This week’s blog is a short one – to make sure I’m prioritising health.
Last week, I took some time to focus on my creative work and for family reasons. I don’t normally take leave, and I found it incredibly difficult. I was still working a bit, and I was often very anxious when not working, because I felt like I should be. Sometimes, I struggle to treat my creative work as work. Because I enjoy it, I see it as less important, rather than remembering that it’s the only part of my work that only I can do.
I hate taking down-time. It makes me very anxious. I start to question my own self-worth. If I’m not working, who am I, and what is the point of me? I hate taking time off sick – I worked a full-time job and a part-time job while seriously ill in hospital. I can’t stomach down-time. As a disabled person, I feel like I always need to present to the world that I can do more than any non-disabled person. Be off work less than any non-disabled person. I set the standards way too high for myself.

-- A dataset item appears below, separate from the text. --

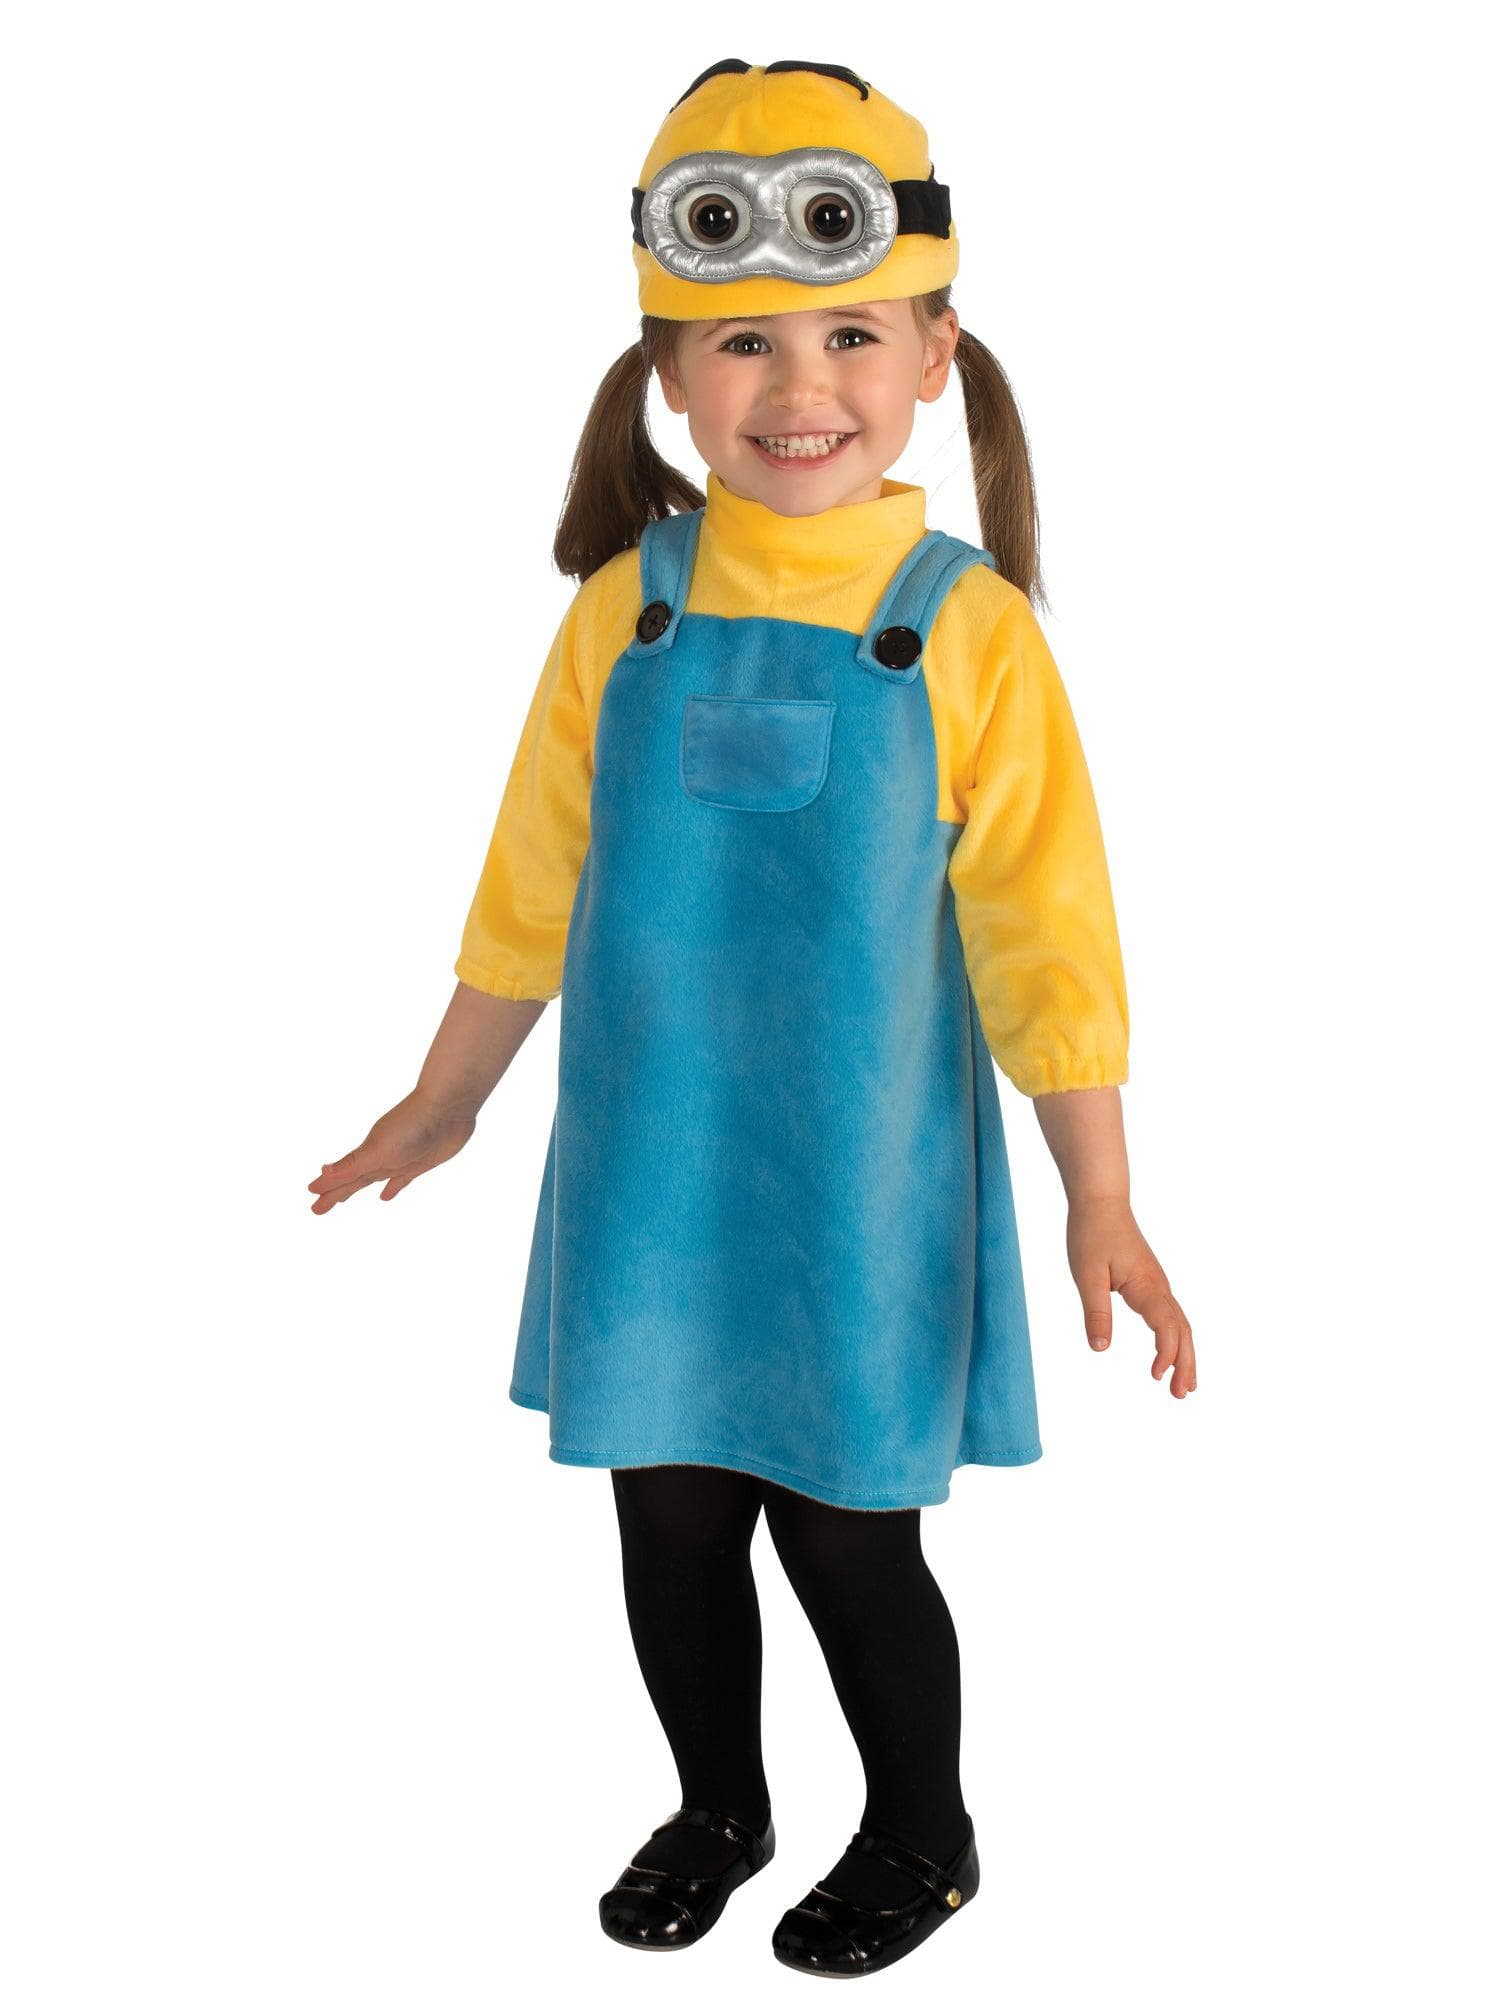 Despicable Me Minion Girl Costume for Babies and Toddlers - costumes.com

This week. I’ve had an infection, a procedure in hospital, and some other really significant health challenges to navigate. I’ve not been able to work, had to cancel meetings, events, and step back and rest. That’s been replete with panic – I’ve been sitting there, too ill to work, and yet also too anxious to rest, and spend the time that recovery takes – all while knowing that if I don’t take that time, I won’t recover as quickly.
I’ve then had to realise that I can’t just work the weekend if I’m recovered enough by then – I still need to stop, rest, and recuperate – I need to spend time on my personal life, not just on being ill, or working.
So this is a short blog – and I’m signing off, getting some rest and prioritising health.